Chicken strips and tyre size

Chicken strips and tyre size

Author
Discussion

Andy XRV

3,844 posts

181 months

Wednesday 27th May 2015
quotequote all
3DP said:
Whether you choose to lean it over much on the road is your own business of course but this forum is turning into a MAG/IAM zone recently!

"Save knee down for the track"

then

"Save using the full width of your tyre for the track"

what's next?

"I never use more than 8000rpm on the road. Save that for the track".

LOL!
Good points well presented hehe

upsidedownmark

2,120 posts

136 months

Thursday 28th May 2015
quotequote all
clen666 said:
Can you feel when you are right at the edge of the tyres available grip?
How do you know when there is no more lean available, other than picking yourself out of the nearest bush?
Feel. Isn't that the whole essence of fast riding / driving in anything?

You've run out of lean when stuff starts scraping on the floor, assuming you don't run out of grip first.

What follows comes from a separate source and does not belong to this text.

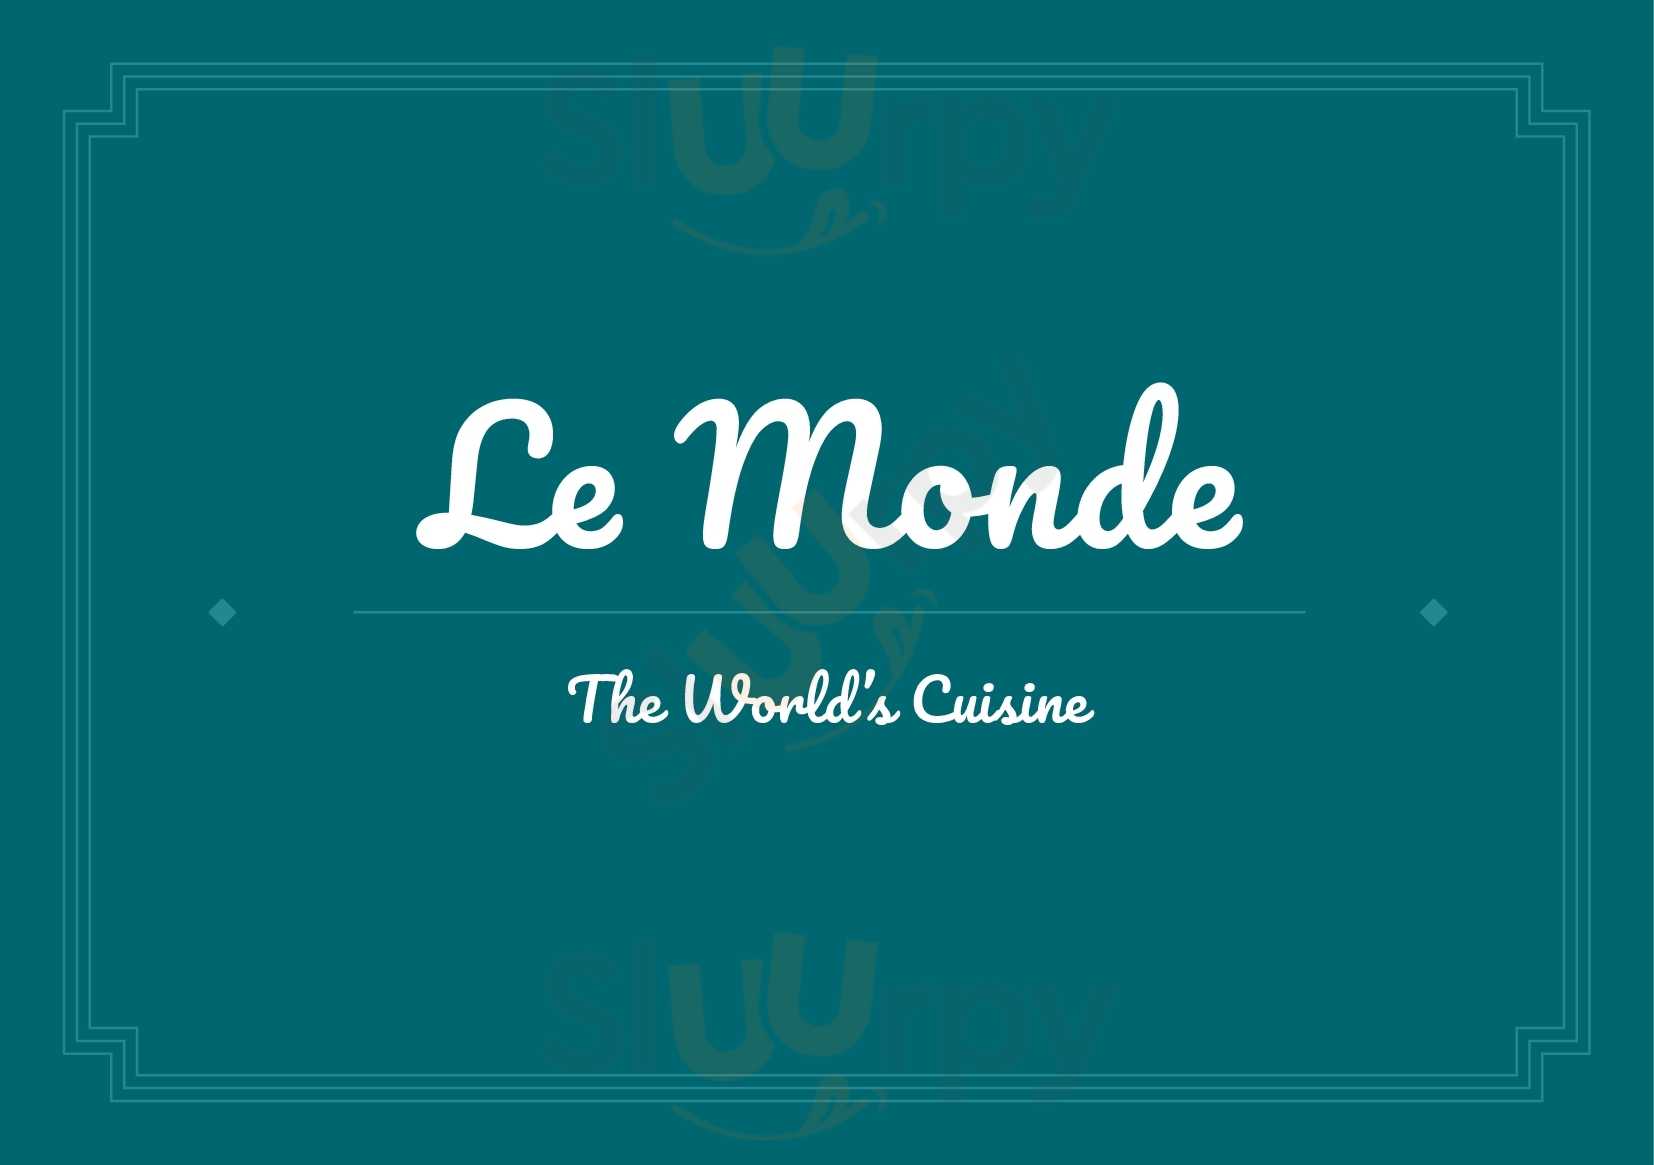 Le Monde - The World's Cuisine Dubendorf Menu - 1

The edge (of grip) isn't a cliff where everything spontaneously blows up, it's where you've gone past the peak grip of the tyre and it is now decreasing. In a car you 'feel' that through reduced steering torque amongst other things. That zone can be quite big (and quite small) depending on circumstances and vehicle. You identify it by creeping up on it gradually so you can come back rather than jumping straight over, listening to the 'feeling' through your butt and hands as things start to change, and edging into the zone where things are starting to get worse then coming back. You calibrate that feel subconsciously as much as anything else.

If you did it any other way you'd be lost when it rained, the surface changed, anything.

Thats why nobody could ride the ducatis of the last couple of years (lack of feel), and the difference between fast and slow racers - the ability to read that feel and stay as close as possible to the optimum that the bike/tyre/suspension can provide.